Crause
- Industry: Weapons manufacturing
- Founded: 1815 in Herzberg, Germany
- Founder: Carl Phillip Crause
- Defunct: 1857
- Products: M1835; M1840; M1848; M1849; M1850; M1854;

= Crause =

German weapons manufacturer

Crause was a weapons manufacturer located in Herzberg, Germany, operating in the first half of the 19th century. Among other orders, they manufactured 2,000 M1849 kammerladers for the Norwegian Army.

== History ==
Crause was founded by its namesake, Carl Phillip Crause. Crause ran a gun manufactory in Herzberg, northwestern Germany, from the end of the Napoleonic Wars until 1857. The factory produced military arms for Hannover and nearby principalities.

The finished weapons manufactured by Crause were signed with his surname and included the Brunswick M1835 and M1848 rifles.
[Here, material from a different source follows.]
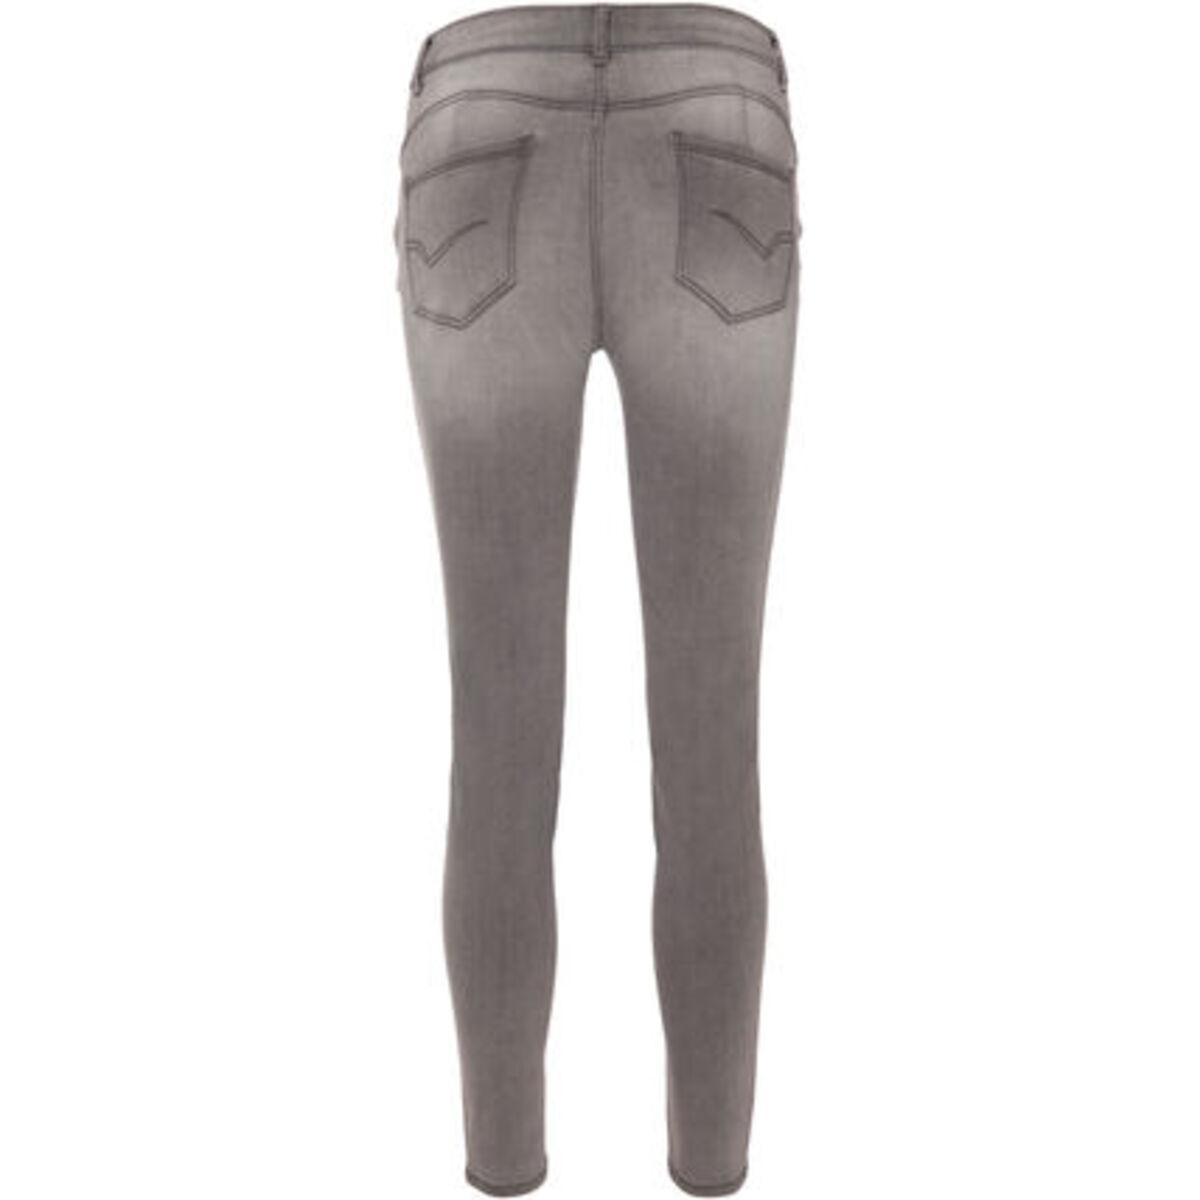 Bild 3 von MANGUUN Jeans, Slim Fit, destroyed-Look, für Damen

In addition, Hannovarian M1850 and M1854 rifle-muskets, yager rifles, and the M1840 and M1849 rifle-muskets were created for the Hanseatic League, which comprised the north German states of Oldenberg, Hamburg, Bremen, and Lubeck. The latter two types of arms were modified to accommodate elongated projectiles that gained popularity in the 1850s. Several thousand of these weapons were also imported into the United States, where they were used during the American Civil War.